(Problem details) Images should be omitted while the rest of the data is duplicated exactly.

Supplied material section start

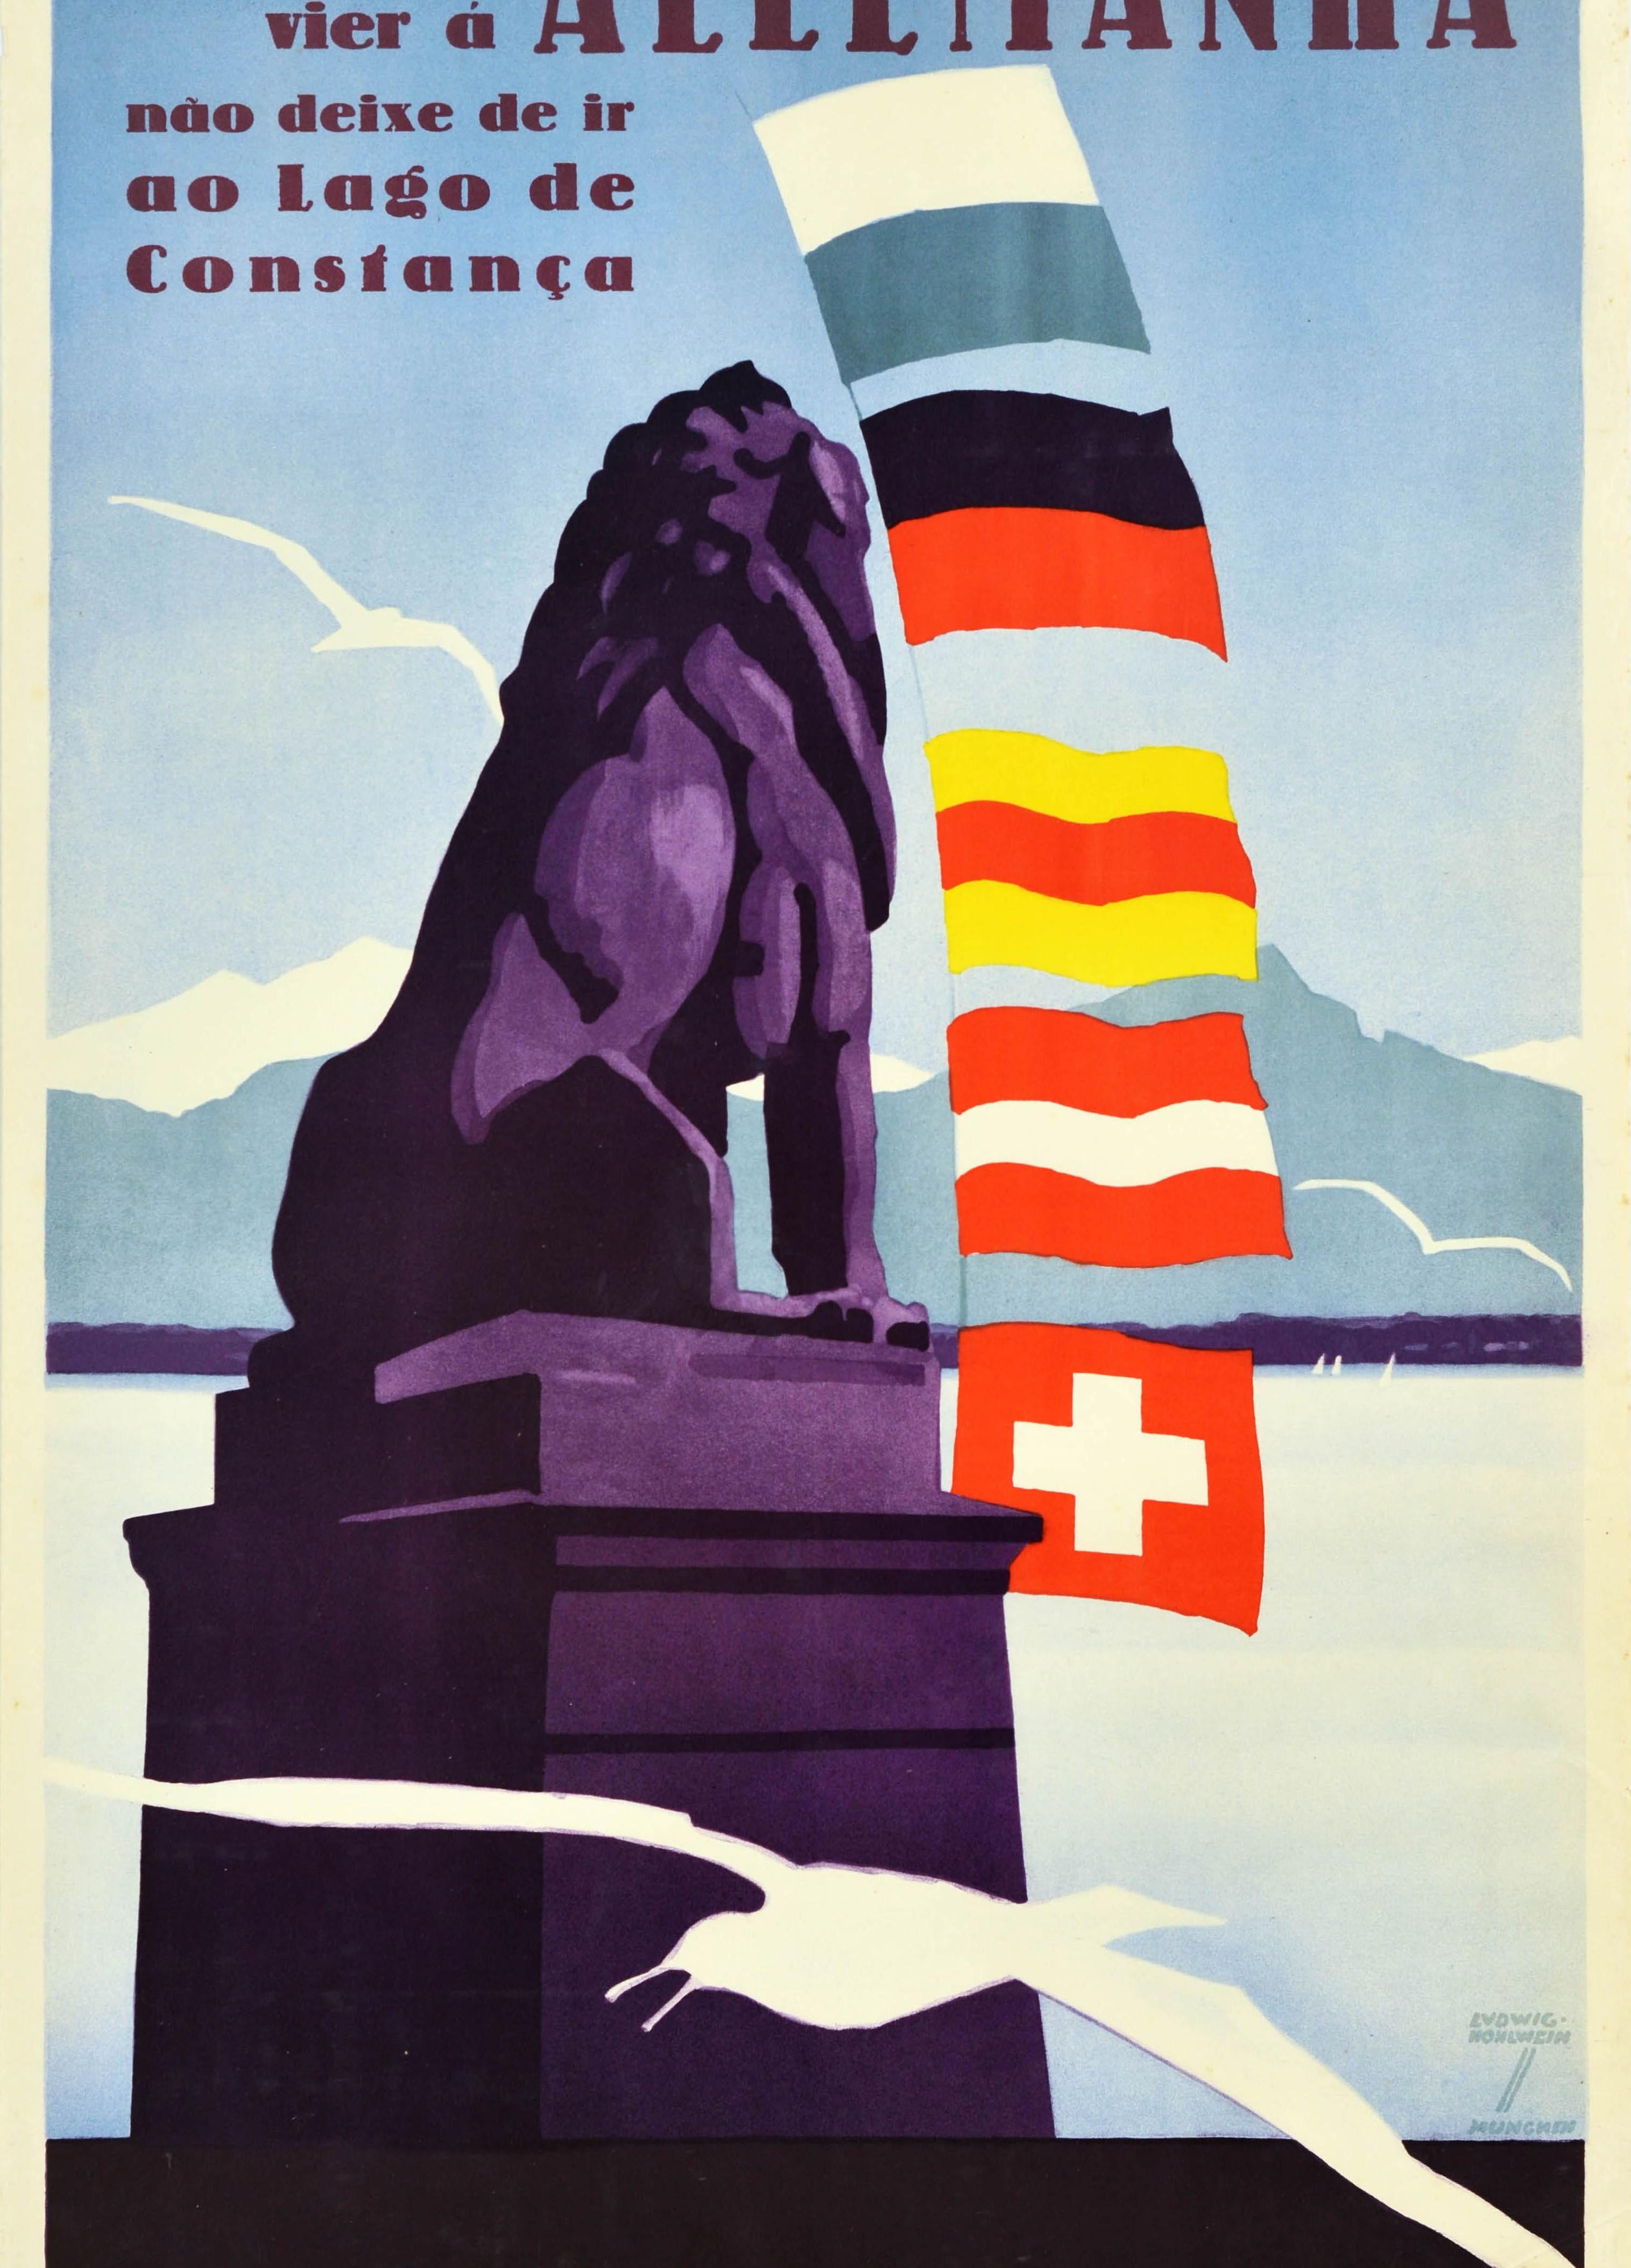 Original Vintage Travel Poster Allemanha Lake Constance Mountains Bavaria Lion In Good Condition For Sale In London, GB
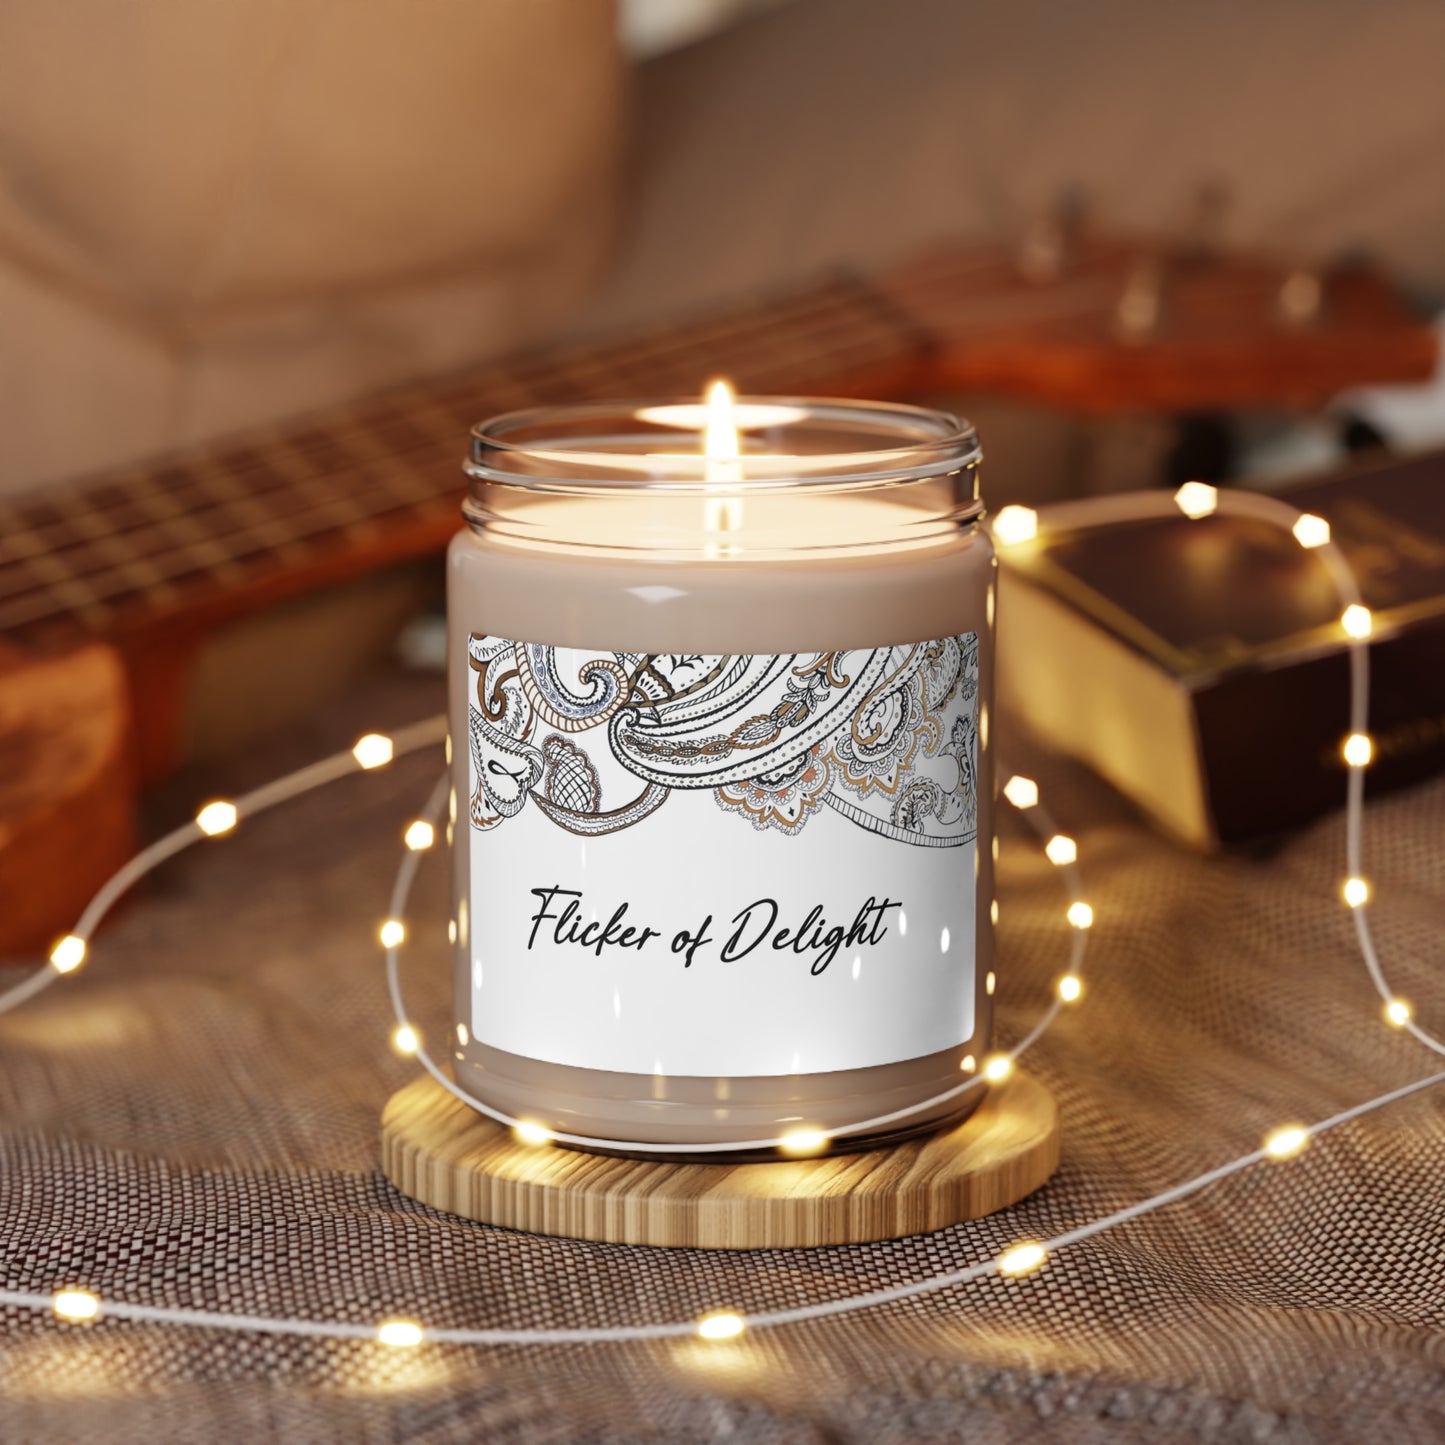 Scented Soy Candle "Flicker of Delight"
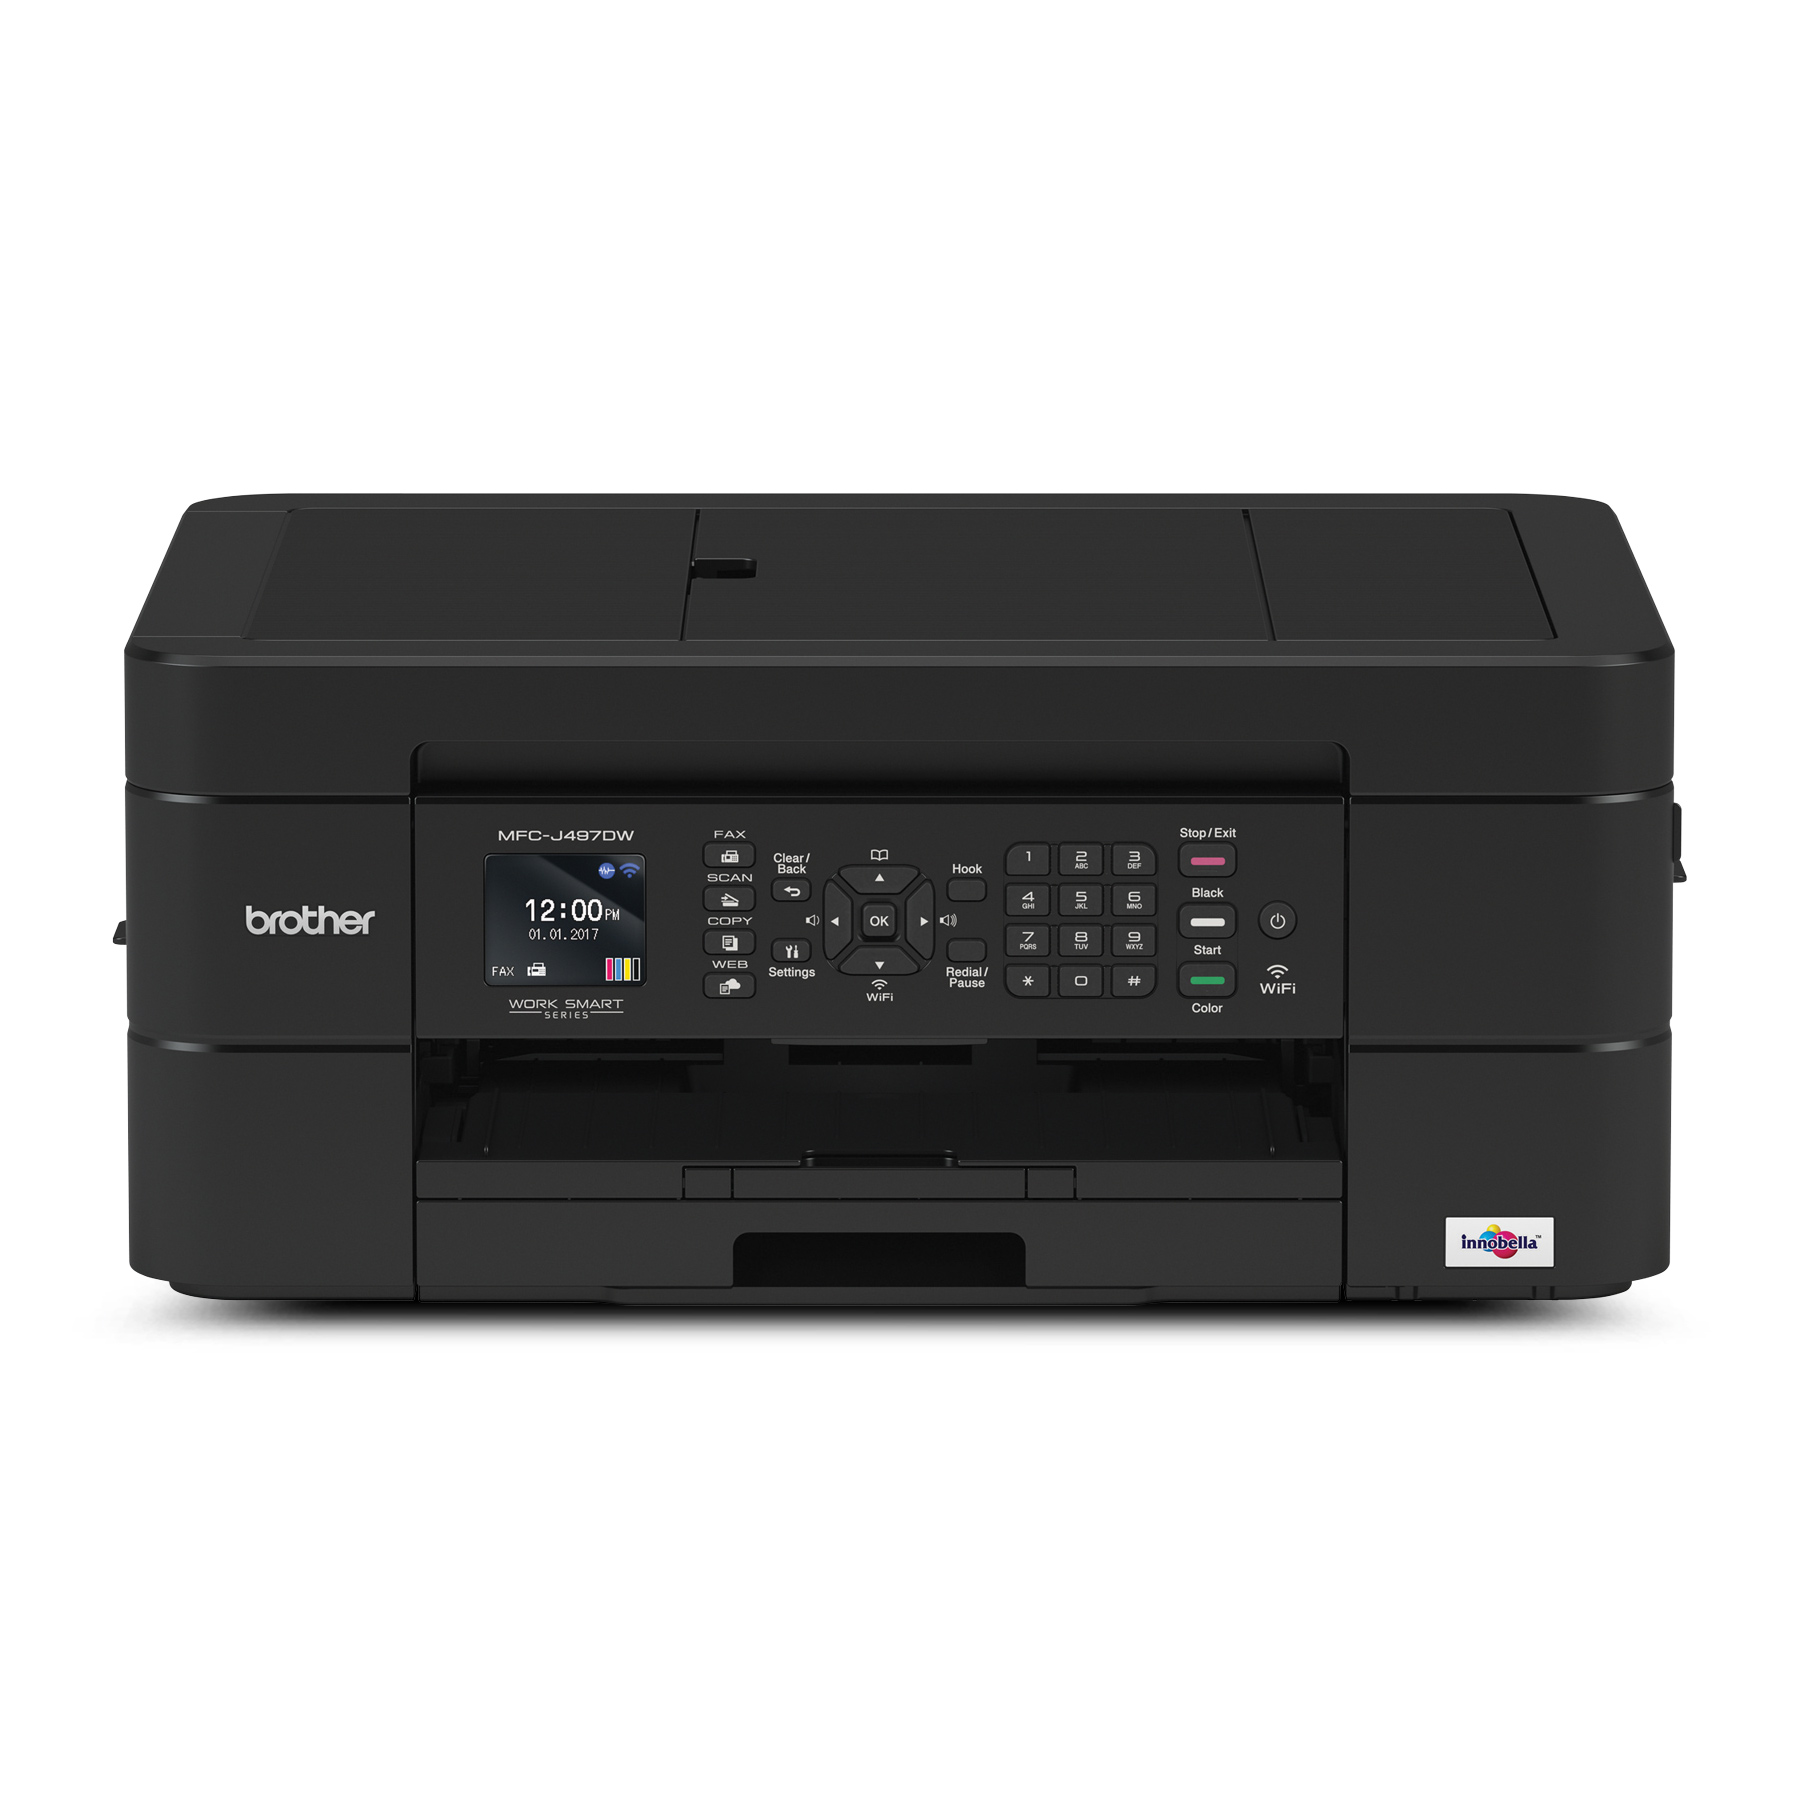 Image of Brother MFC-J497DW Wireless Colour Inkjet Multifunction

Supplied material section end

(Answer to this problem)
 Original Vintage Travel Poster Allemanha Lake Constance Mountains Bavaria Lion In Good Condition For Sale In London, GB
 Scented Soy Candle "Flicker of Delight"
 Image of Brother MFC-J497DW Wireless Colour Inkjet Multifunction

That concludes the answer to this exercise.